The protein TMEM147 is a novel regulator of cholesterol homeostasis in human cells
In terrestrial vertebrate animals, cholesterol is a major sterol lipid with multiple, critically important biological roles. In cells, it is a key constituent lipid of the plasma membrane, affecting its fluidity and stiffness and acting as an organizer of specialized membrane functional domains known as lipid rafts. It is a precursor for the synthesis of steroid hormones (for example estrogen, testosterone and corticosteroids), bile acids and vitamin D and it is also involved in cell signaling.

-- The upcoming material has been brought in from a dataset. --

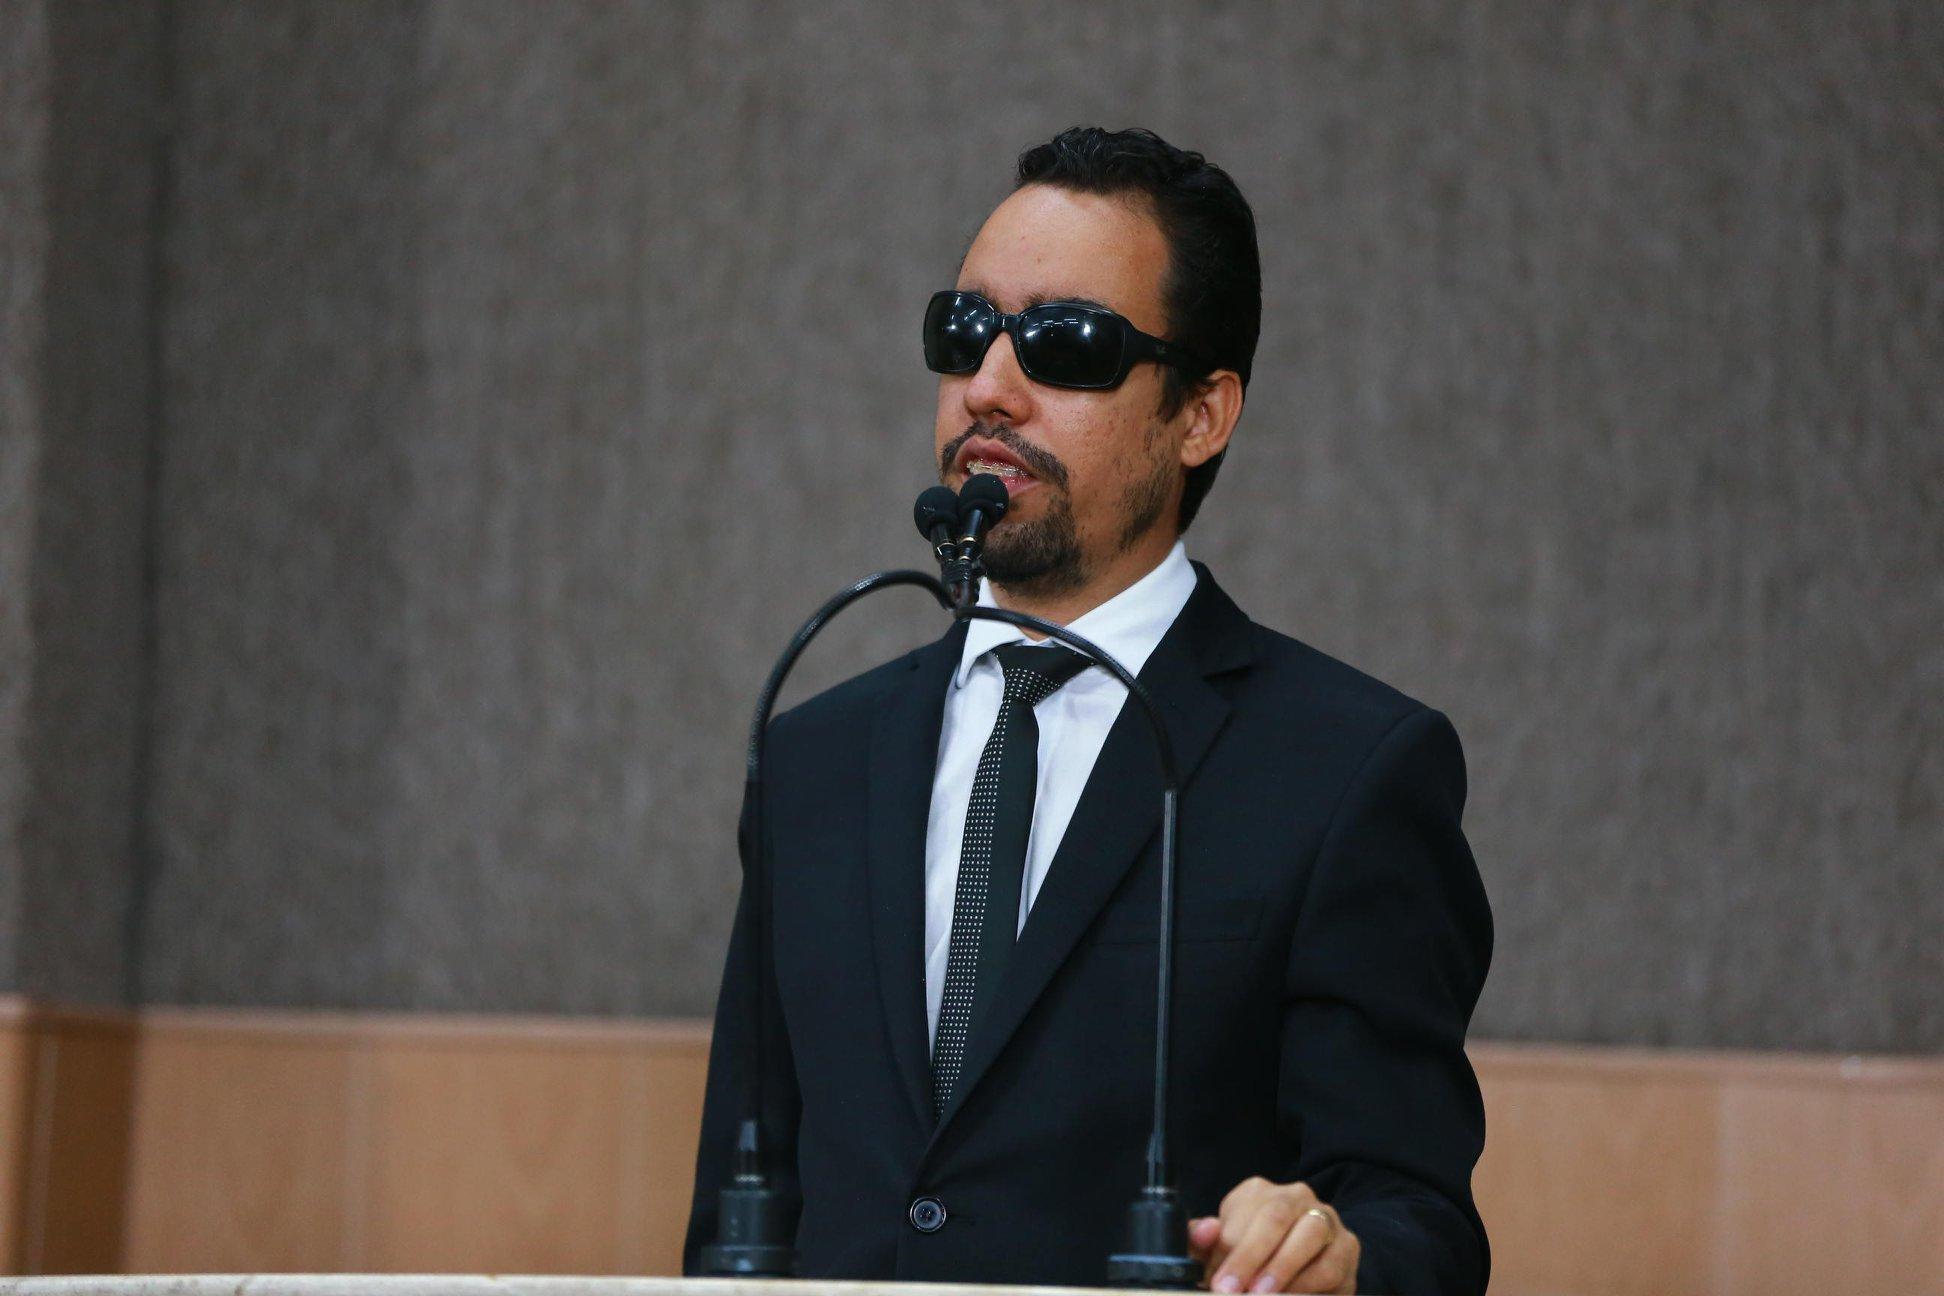 #PraTodoMundoVer Lucas Aribé em pé na tribuna, falando ao microfone. (Foto: César de Oliveira)

Cholesterol is supplied from our diet but also synthesized by cells de novo in the tubular compartment of their extended membranous network, the endoplasmic reticulum (ER). The cellular pool of cholesterol is determined by the balance of uptake of dietary cholesterol, its cellular biosynthesis, its conversion to storage forms (cholesterol esters), and its export. Thus, cholesterol homeostasis is a complex choreography relying on these different processes. Genetic mutations affecting these processes, for example in genes encoding sterol reductase enzymes catalyzing the later steps of cholesterol synthesis or the receptor mediating cholesterol uptake, are the cause of serious human diseases in cholesterol metabolism. The quest, therefore, to better characterize the molecular and cellular pathways underpinning cholesterol homeostasis remains as important and necessary as ever and a focal point of research interest.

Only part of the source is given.